• [Task to complete]: Pictures do not belong in the copy. Write out exactly the lines from the one containing "JAPAN BOATRACE SALON(ジャパンボートレースサロン)1" through the end of the data.

• [Stored data]:
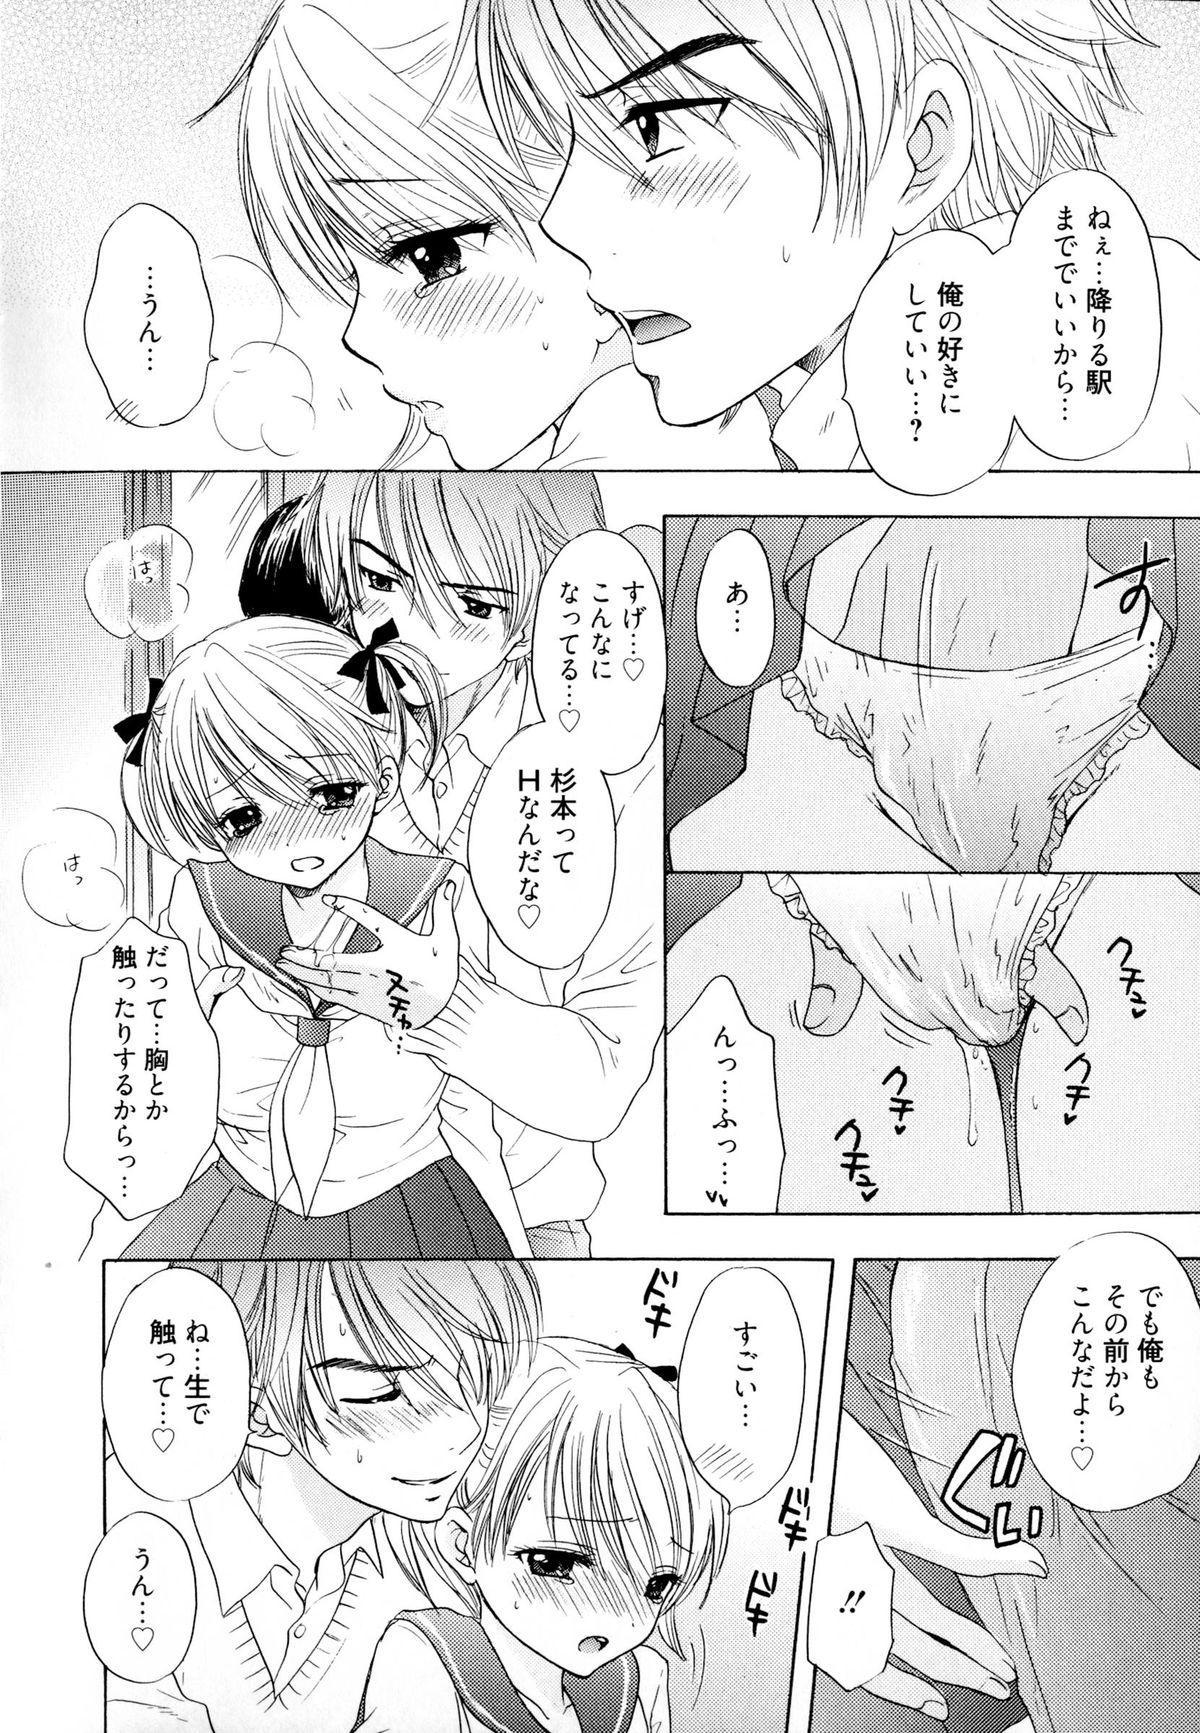 The Great Escape 4 Shokai Genteiban 65
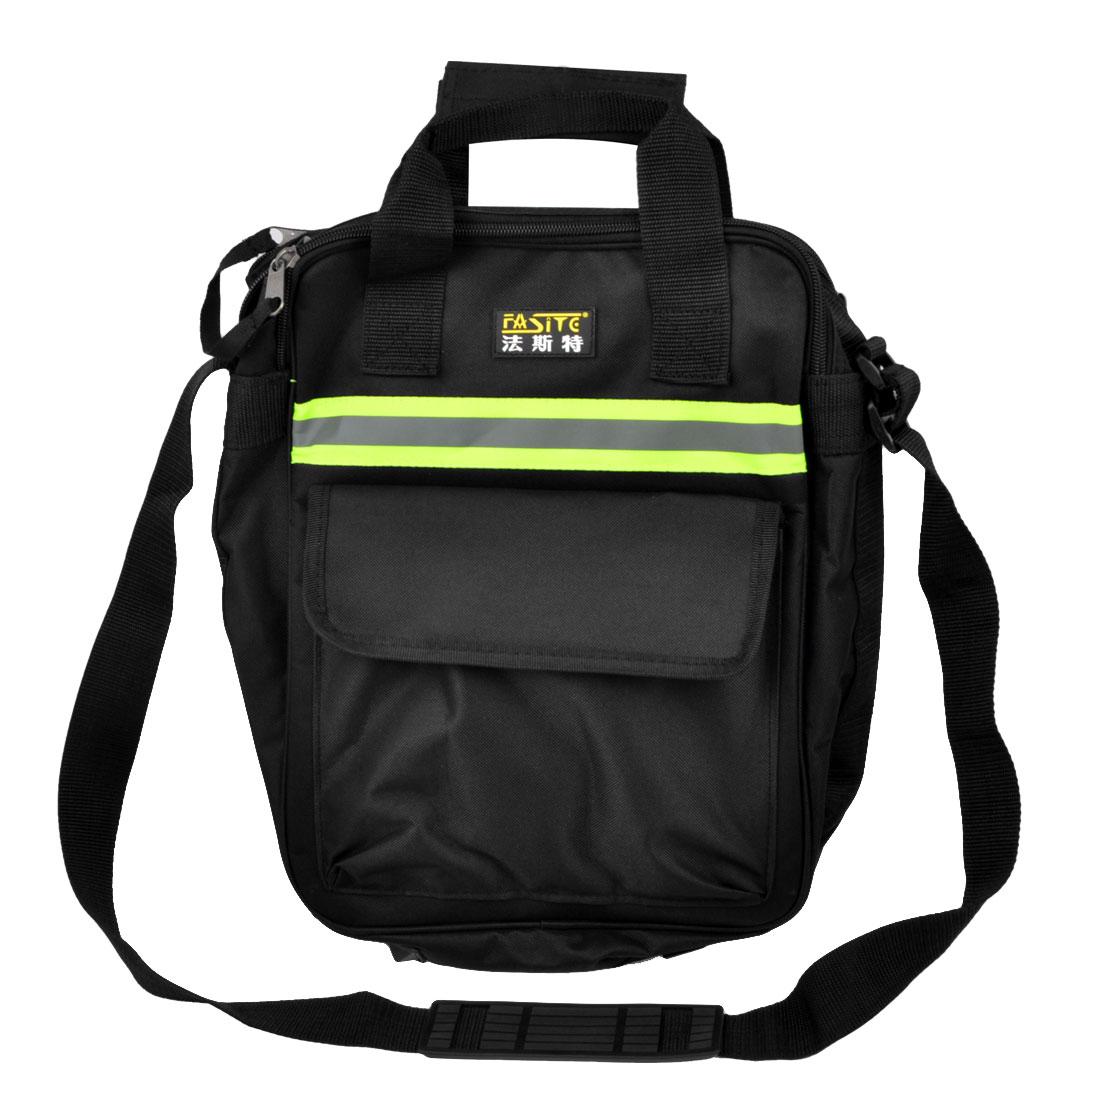 Black Nylon Oxford 4 Main Compartments Pliers Screwdriver Tool Holder Bag
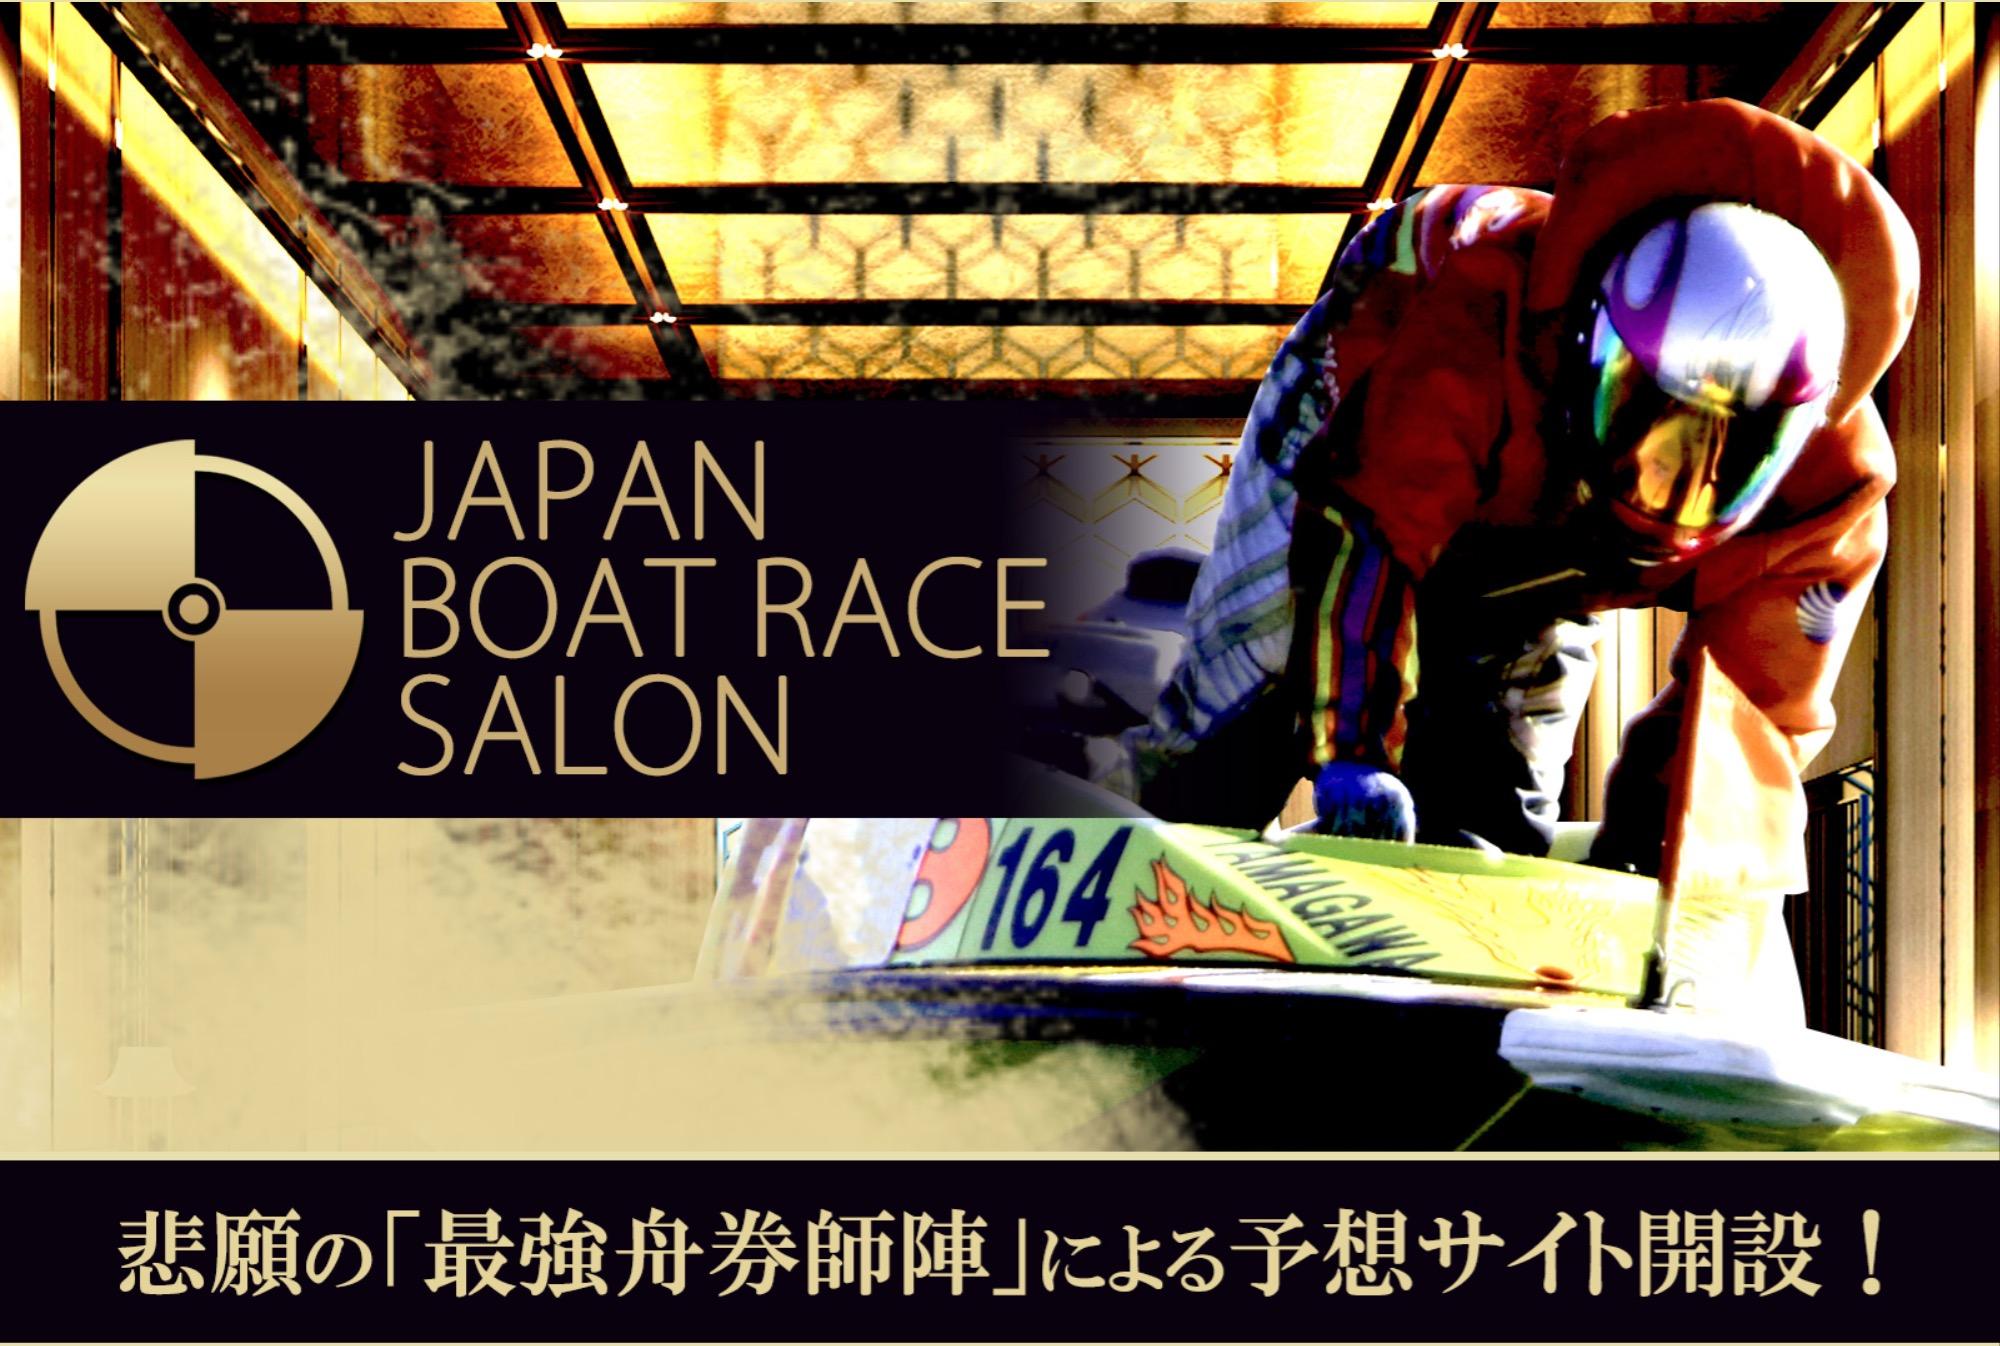 JAPAN BOATRACE SALON(ジャパンボートレースサロン)1
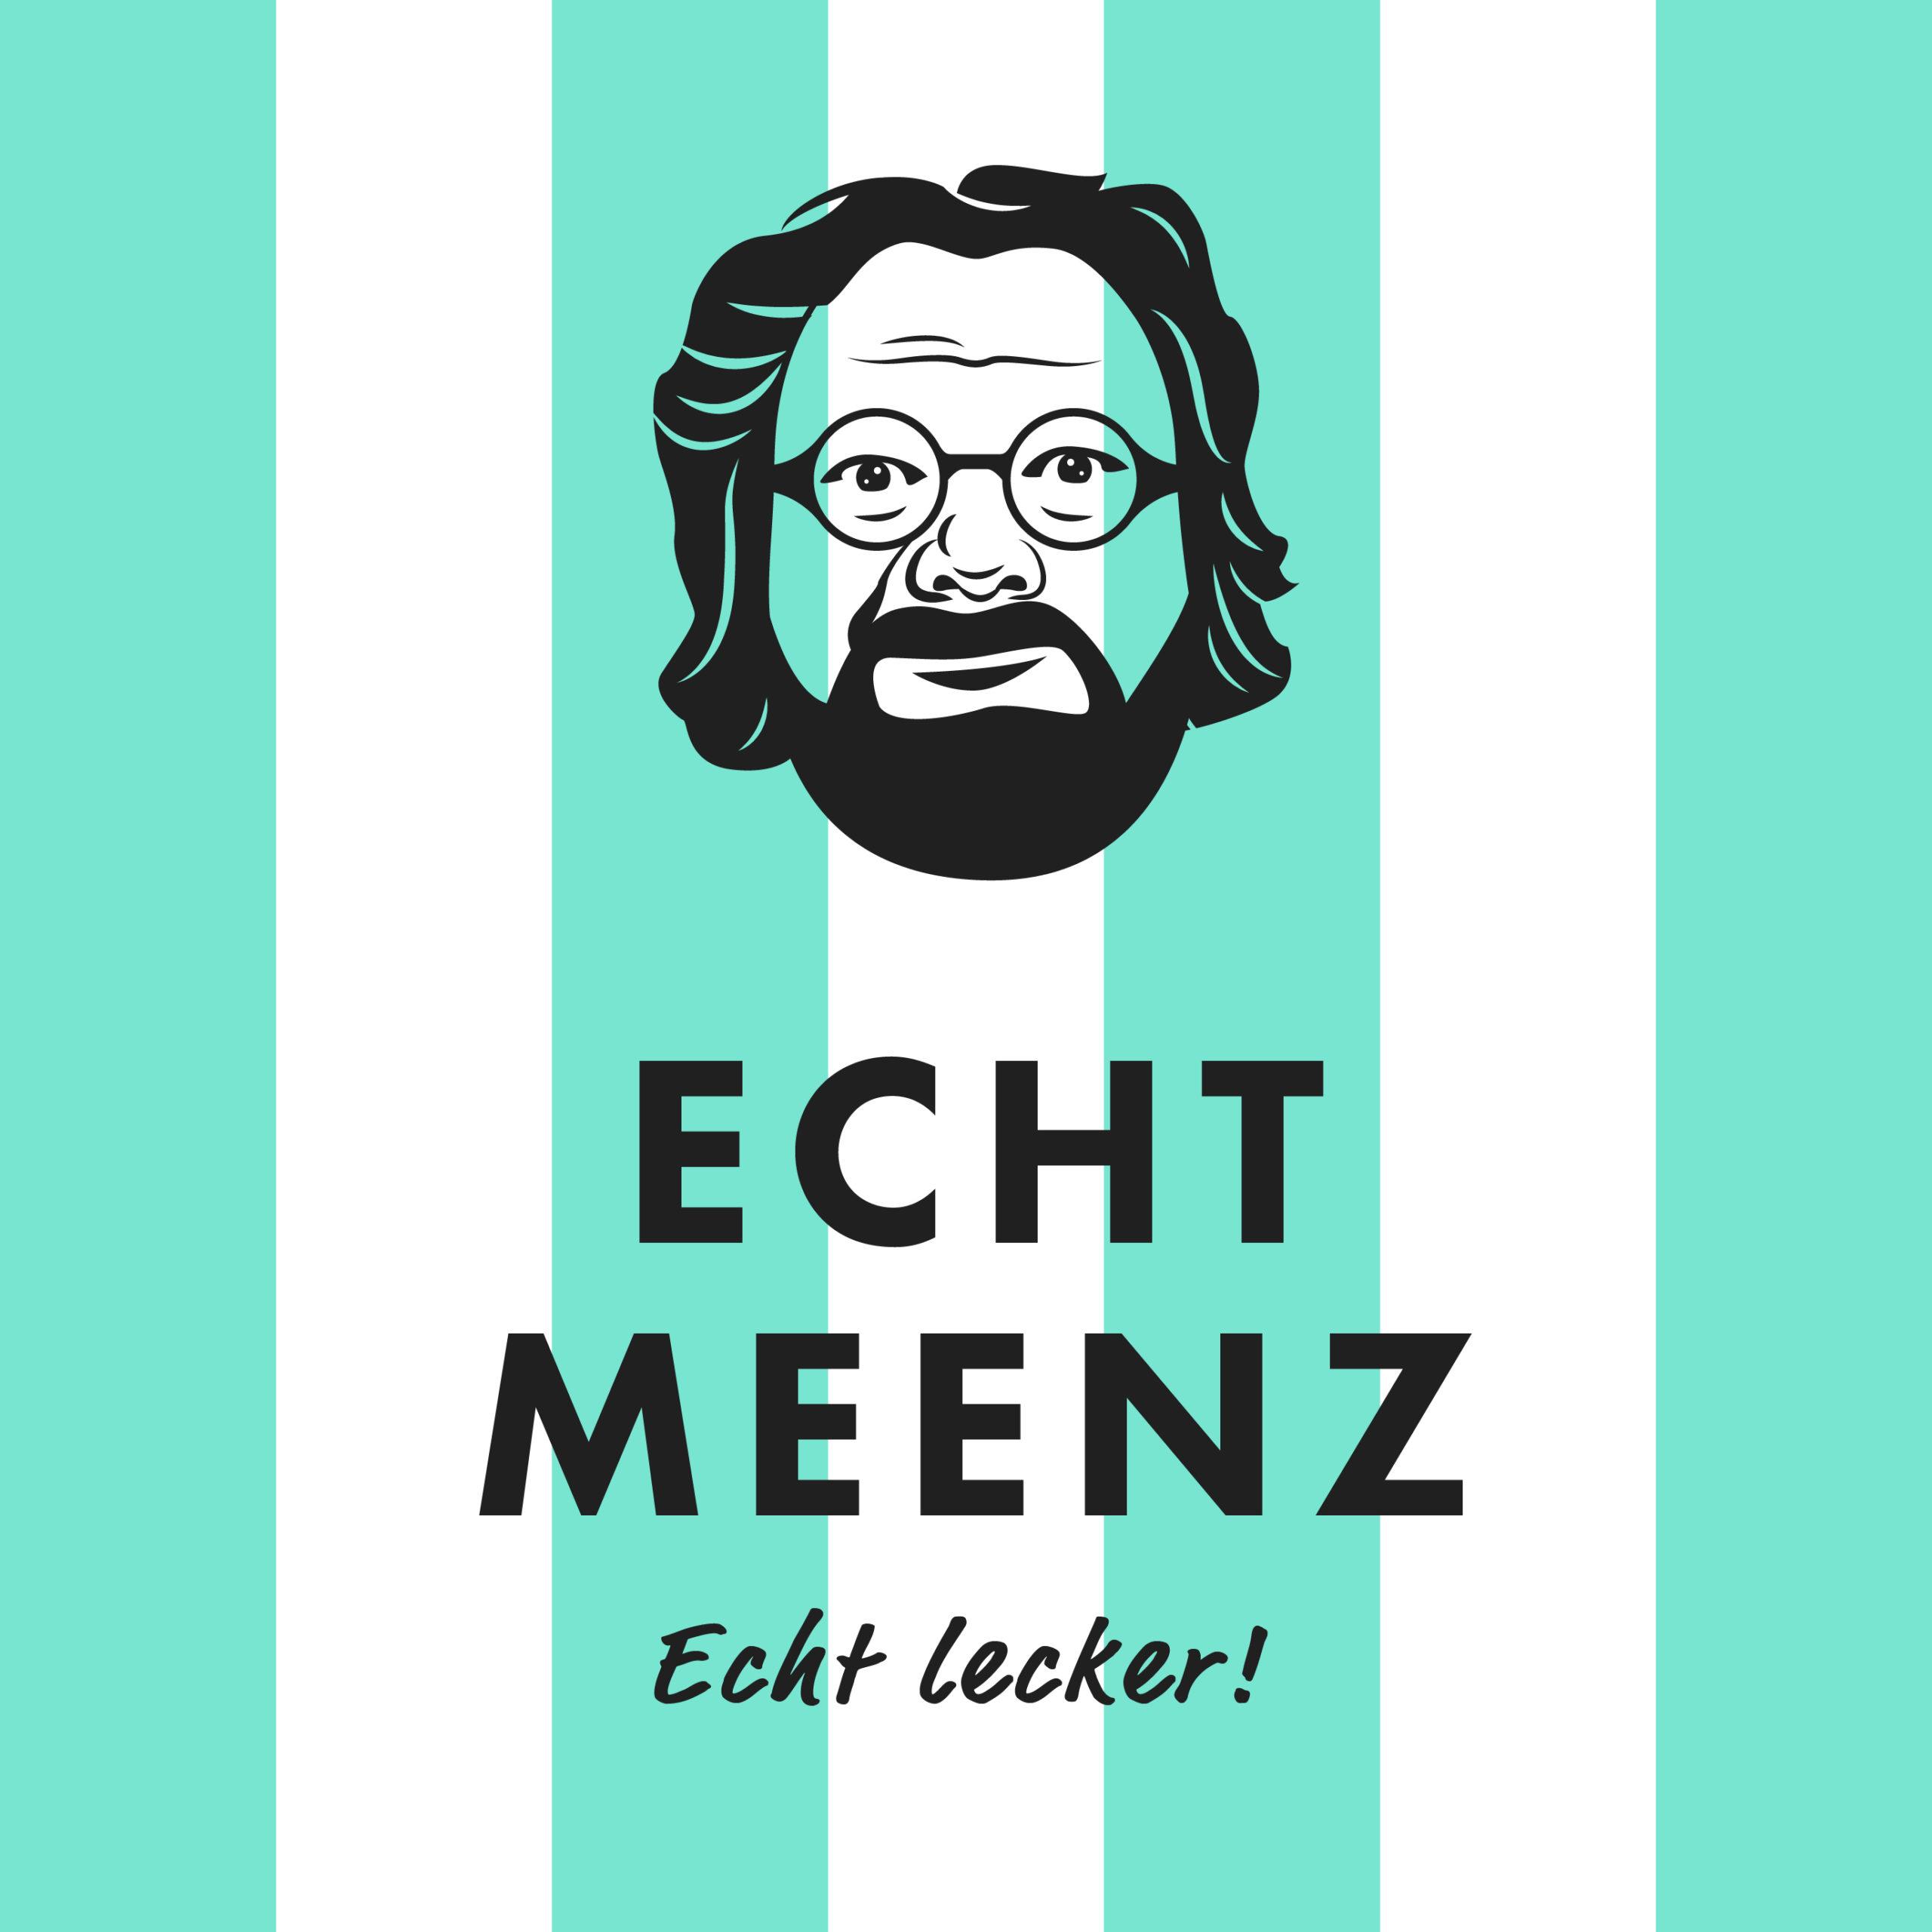 Echt Meenz, Alexander Schäfer, Bahnhofsviertel Mainz

• [Result]:
 JAPAN BOATRACE SALON(ジャパンボートレースサロン)1
 Echt Meenz, Alexander Schäfer, Bahnhofsviertel Mainz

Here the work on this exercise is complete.